Blaming your client or customer for their confusion is a good way to get yourself fired.

Ever get into a situation where your audience (of any kind) just doesn’t seem to understand or get comfortable with your drift?

For those of you who follow my writing across platforms, you may have run across an article I wrote this summer titled “It’s Never the Audience’s Fault.”  Here’s a link to it.

Based on circulation, you had to look pretty hard to catch it.

The thesis:  The audience’s discomfort with your performance, as a rule, says a lot more about your performance than about the audience.  So, refrain from blaming them.  They have brains, too!

I had the privilege to witness an exceptionally good example of bad behavior on this topic recently. A consultant I happened to be near witnessed behavior from a client that just didn’t make sense to the consultant.  The consultant, an expert with decades of experience, kept receiving requests from the client for guidance on process and approach.

The client was uncomfortable, confused, needy, and absolutely un-versed in the consultant’s approach to business. The client was naive.
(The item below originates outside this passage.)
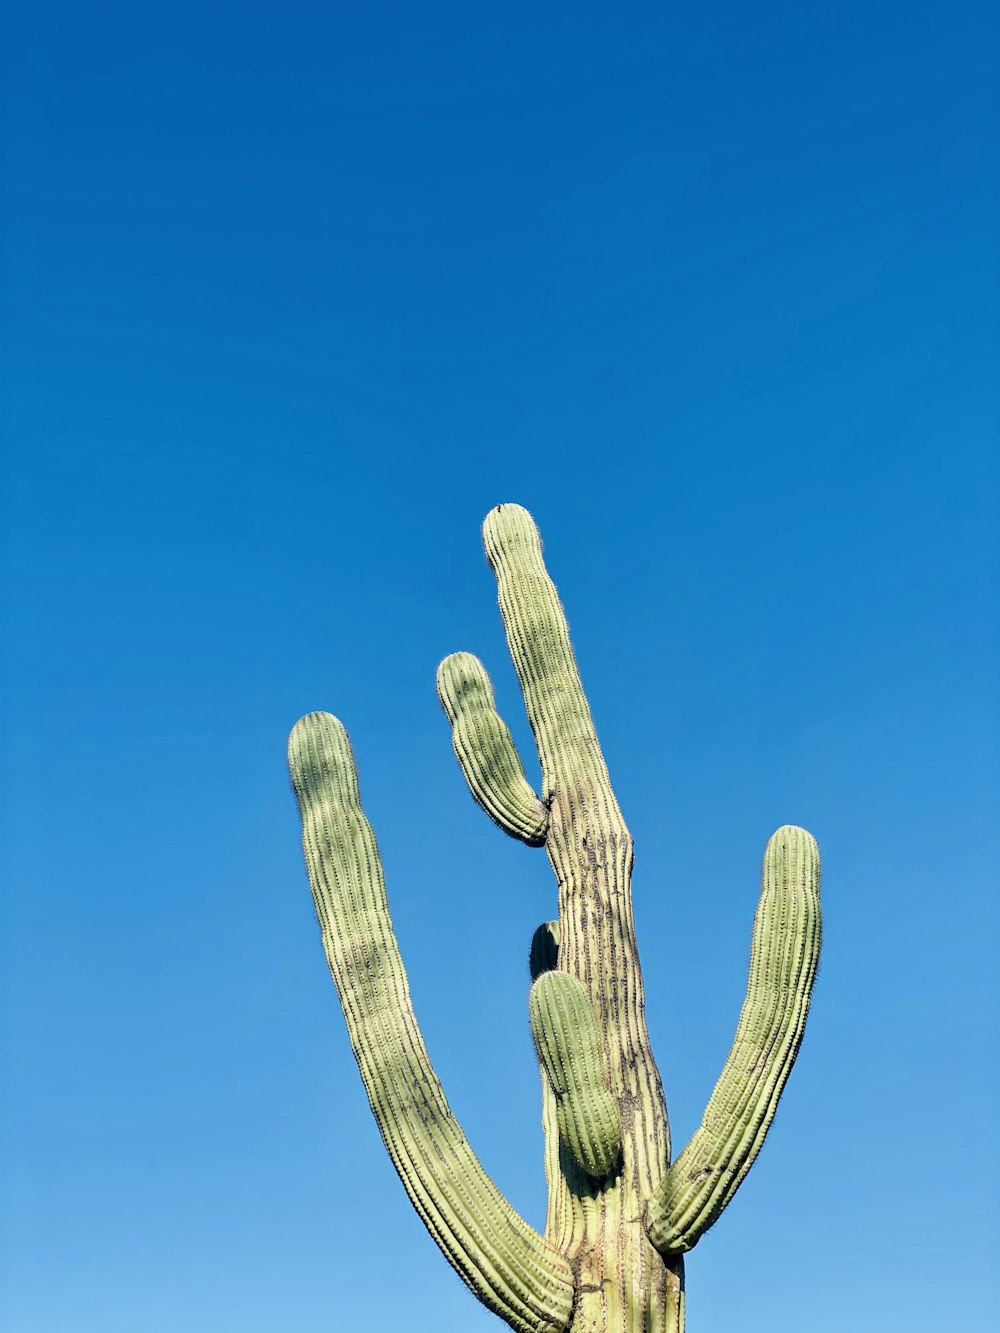 a large cactus in front of a blue sky

This created a morass of nerves on the client side.  And, I could tell, wasn’t all that pleasant to the consultant, either.

So, what did the consultant do?

The consultant blamed the client.

Openly.

In an exchange that was almost amusing if it weren’t terminal, the consultant referred in short form to the consultant’s expertise, the client’s lack of trust, and how the client’s communications and questions were driving cost and time.  To add a dessert topping to the interaction, the consultant proceeded to lecture the client on what “right” looks like for a professional services practice in terms of process and value.

What the consultant didn’t do was address the root issue:  The client’s discomfort.

The consultant sought to be understood instead of seeking to understand.  And, in the process, the consultant sapped any remaining client confidence that the consultant could actually deliver on a satisfactory experience.

The chemistry wasn’t there.

The consultant was fired–not for performance, but for lack of openness to the idea that the client’s discomfort just might be justified.

Professional services relationships provide a stage (and an economic stimulus for immediate feedback) for practicing leadership principles that matter.  This was a good example of one:

When your customer doesn’t get it, you have to look inwardly first.  It might not be their fault.